Буэнос-Айрес, 14 октября 1954 г.,
№ 248, с. 7–8.
Михаил Лавда
Комментарии
Комментарии – вещь полезная, но тошнотворная, когда комментируется то, что в комментариях не нуждается.
Передо мною советское издание сочинений Салтыкова-Щедрина. Том: «Помпадуры и помпадурши». Комментариям посвящено восемь страниц, за подписью некоего Б. Горева.
У Салтыкова: «Timeo Danaos»… Горев по этому случаю рассказывает историю деревянного коня и взятия Трои обманом. Следуют комментарии, объясняющие, что такое «земские учреждения», «мировые посредники», что за «Тильзитское свидание», кто такие Генрих IV, Меттерних, Диоклетиан, «король-солнце», Луи-Филипп, Гизо, Новосильцев, Чарторыйский, Строганов и Сперанский.
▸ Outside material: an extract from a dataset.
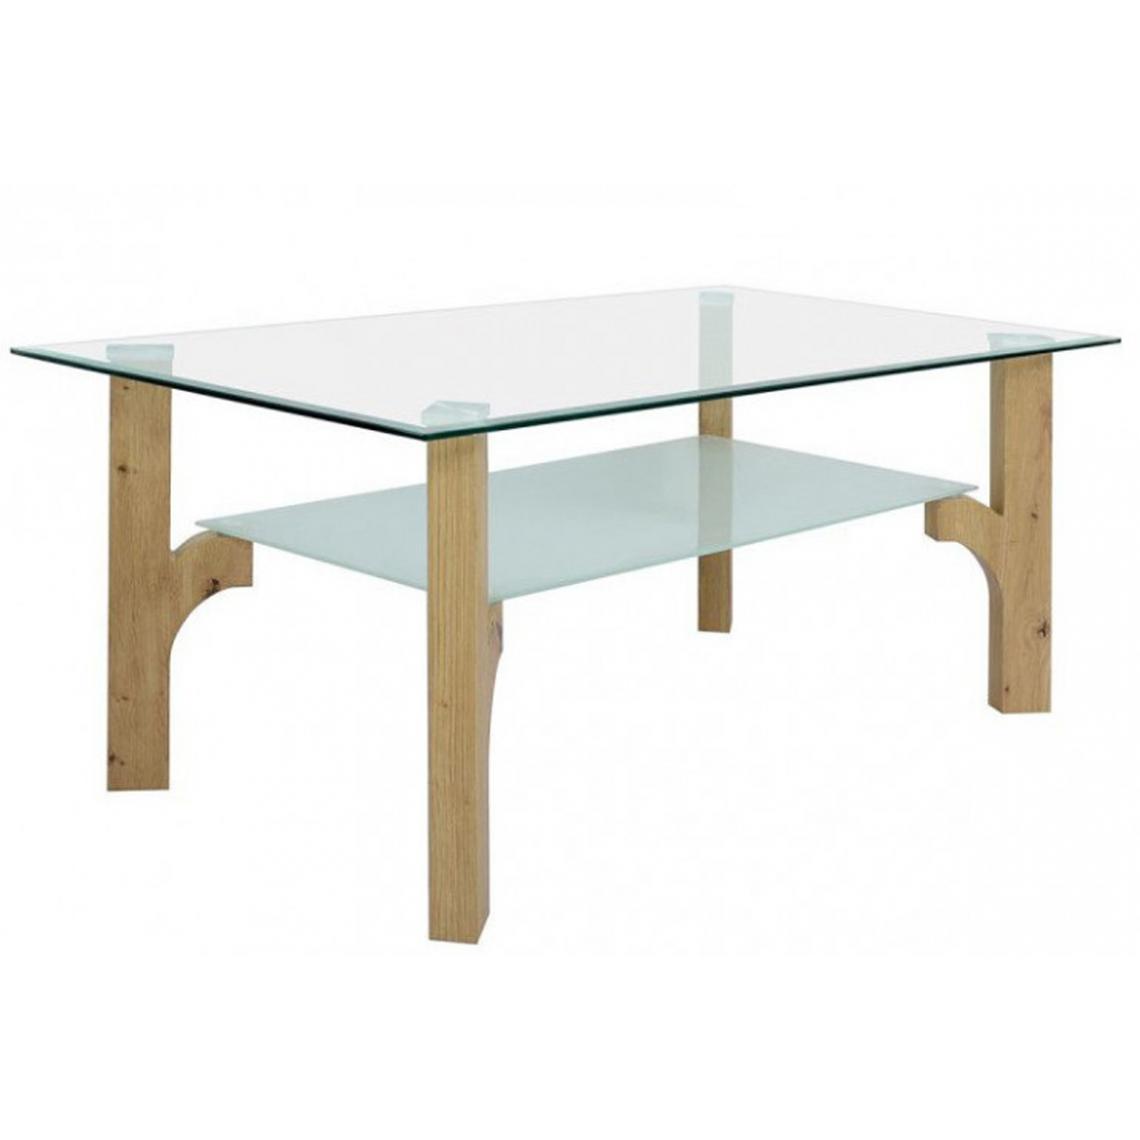 Pegane - Table basse rectangulaire en verre et chêne clair - L 110 x H 45 x P 60 cm -PEGANE- - Tables basses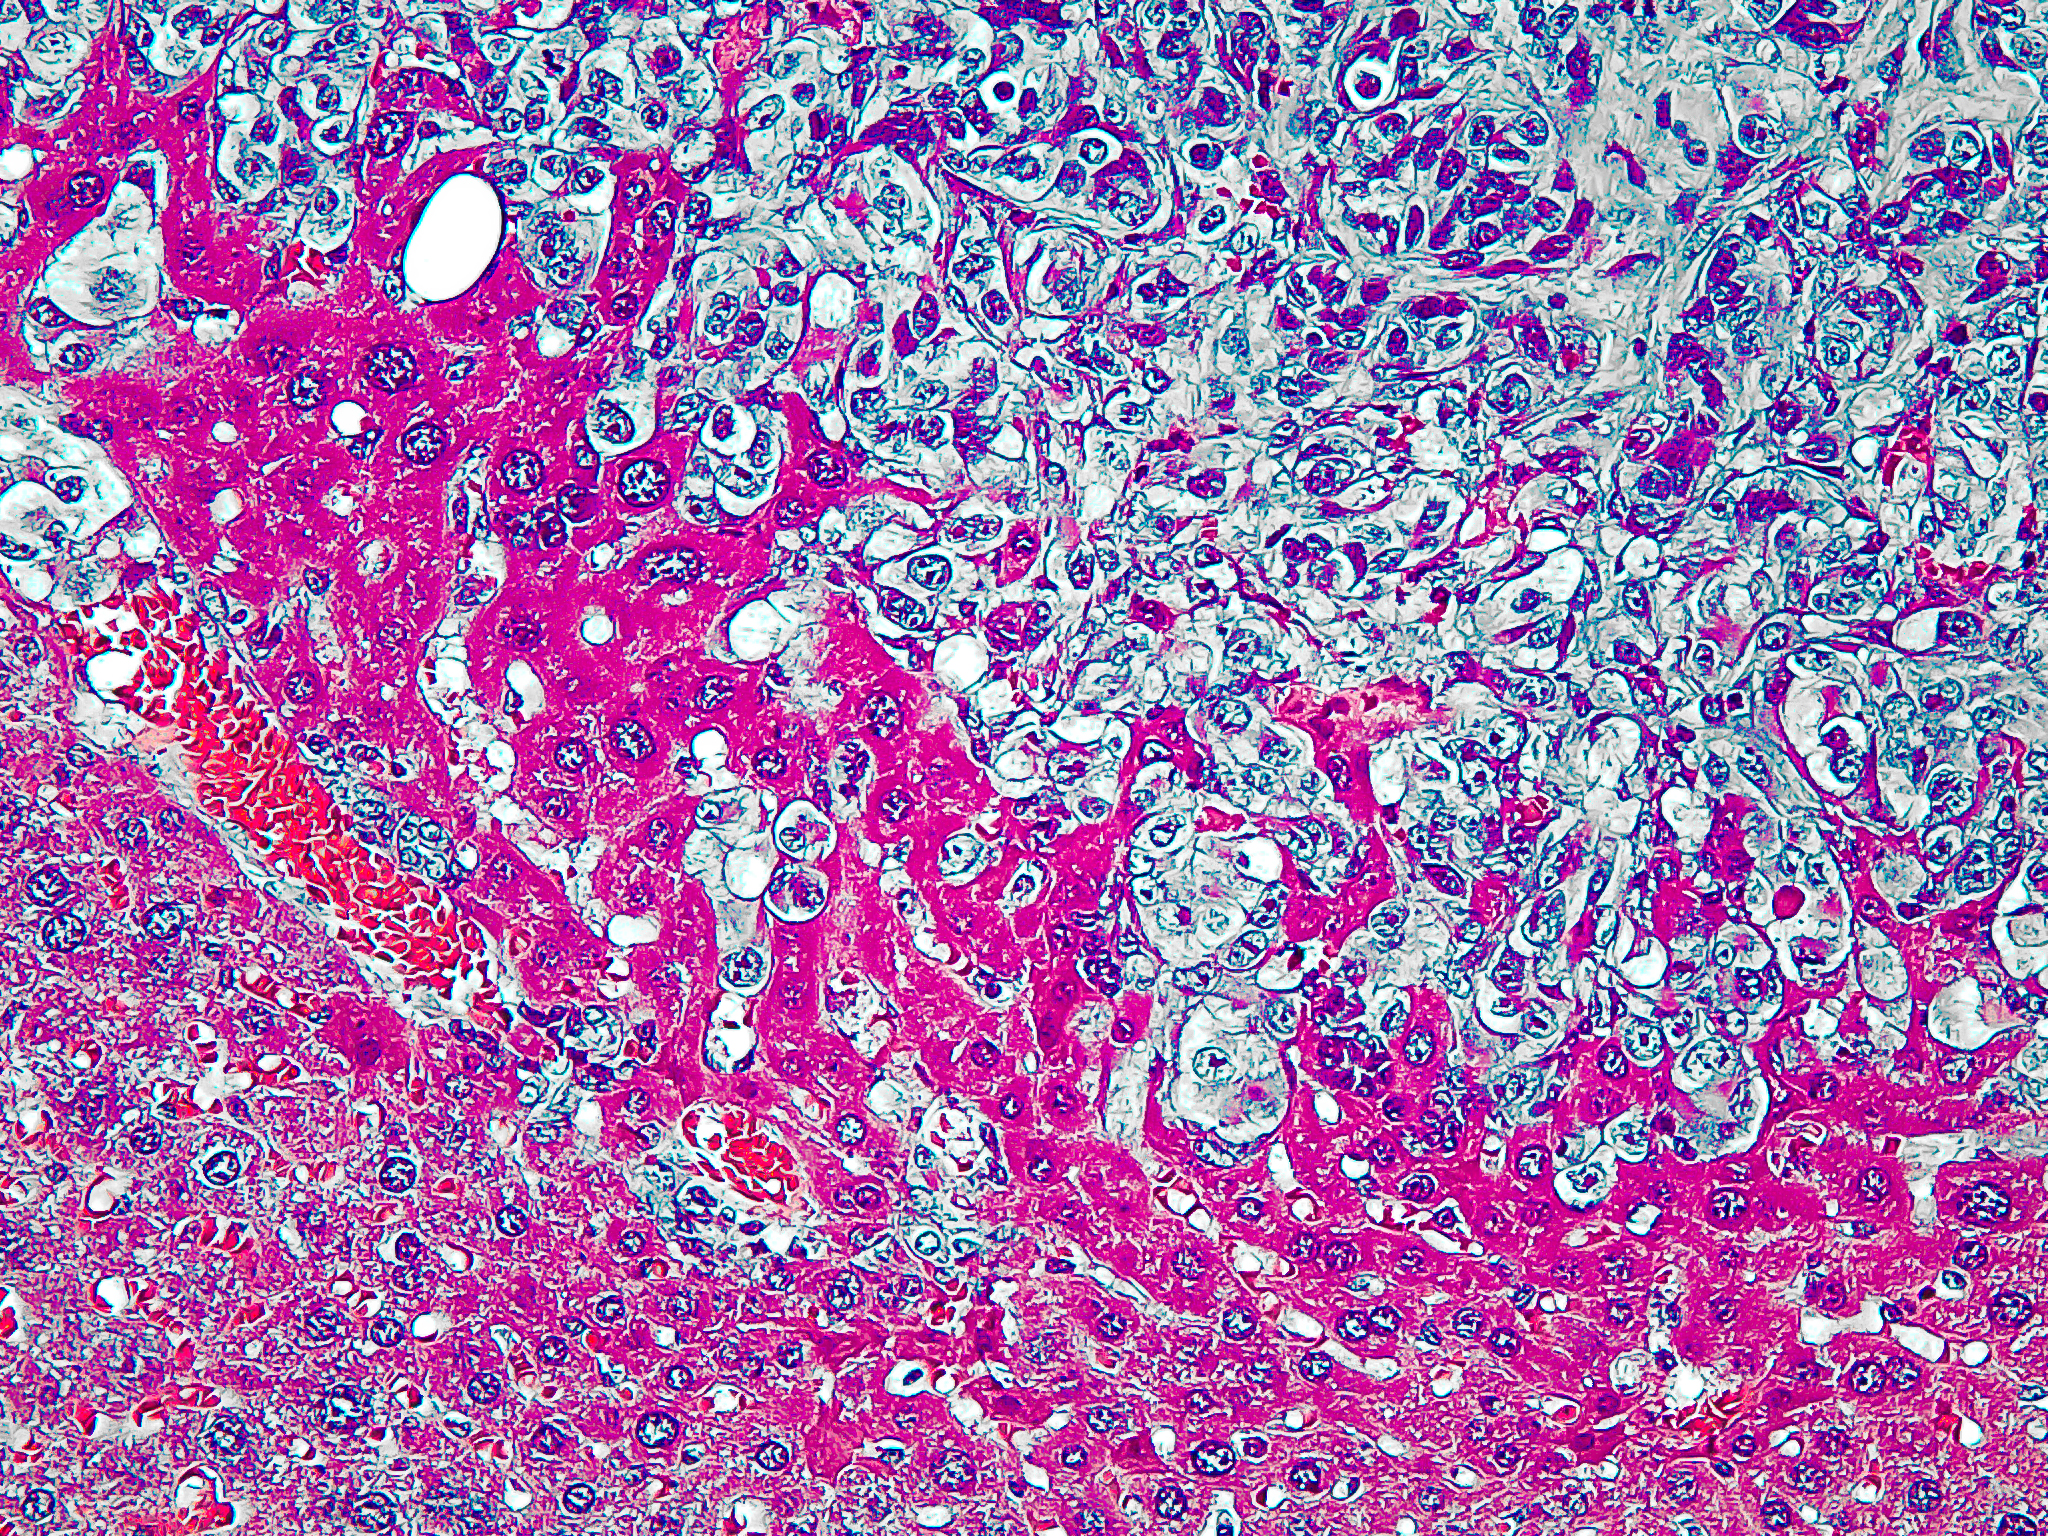 Liver Metastasis in Kaposi Sarcoma Mouse Model

Объясняется выражение: «фотиевско-аракчеевский тон»…
«Фотий, – объясняет Б. Горев, – архимандрит, ярый мракобес, попавший в милость к Александру I. Вместе с солдафоном Аракчеевым они характеризуют последние годы этого царствования, когда елейная церковность соединялась с самой беспощадной и мрачной реакцией во всех областях жизни». Комментарии о Генрихе IV ограничиваются курицей в супе по воскресеньям.
О чем ином свидетельствует надобность в таких комментарии, как не о низком образовательном уровне советской читающей публики? Впрочем, оно и не удивительно там, где Сталин – «корифей науки». Комментатор предполагает, что читатель Салтыкова не знает латинского шрифта и объясняет «Therese, Ardalion – Терез, Ардальон». Другая особенность советских изданий – страх, Боже упаси, написать слово «бог» с большой буквы.
«Верочка! Ведь ты любишь бога?»
«Русская мысль»,
Париж, 21 сентября 1951 г., № 382,с. 3
Алексей Алымов (Б. Н. Ширяев)
О «культурном уровне»
Ответ Михаилу Лавде
Уважаемый г. Лавда в своей заметке в № 382 «Русской мысли» совершенно правильно сообщает о множестве комментариев, которыми снабжено советское издание Салтыкова-Щедрина. Подобными пояснениями снабжен не только этот автор, но и подавляющее большинство всех массовых, многотиражных и дешевых советских изданий.
Но далее г. Лавда делает неправильный вывод о низком культурном уровне советского читателя, иначе говоря, утверждает культурную отсталость современной российской молодежи (основной читательской массы) по сравнению с Западом и с молодежью дореволюционной России, возможно и с читателем из среды «старой» эмиграции. Этот упрек не нов. Он повторяется часто, и на него надо ответить.
Читательская масса в разных странах и в разные времена не однородна по своему составу. В каждом обществе она имеет свою ведущую элиту, своего «середняка» и свои «низы». Круг понятий читательской массы изменяется и во времени. Изменяется и состав языка. Отсюда ясно, что шедринский эпитет «помпадур» нуждается в разъяснении для подсоветского читателя, так же, как термины «активист», «выдвиженец», «летун» требуют расшифровки для западного читателя и «старой» эмиграции. Но это еще не говорит о разнице культурных уровней одних и других.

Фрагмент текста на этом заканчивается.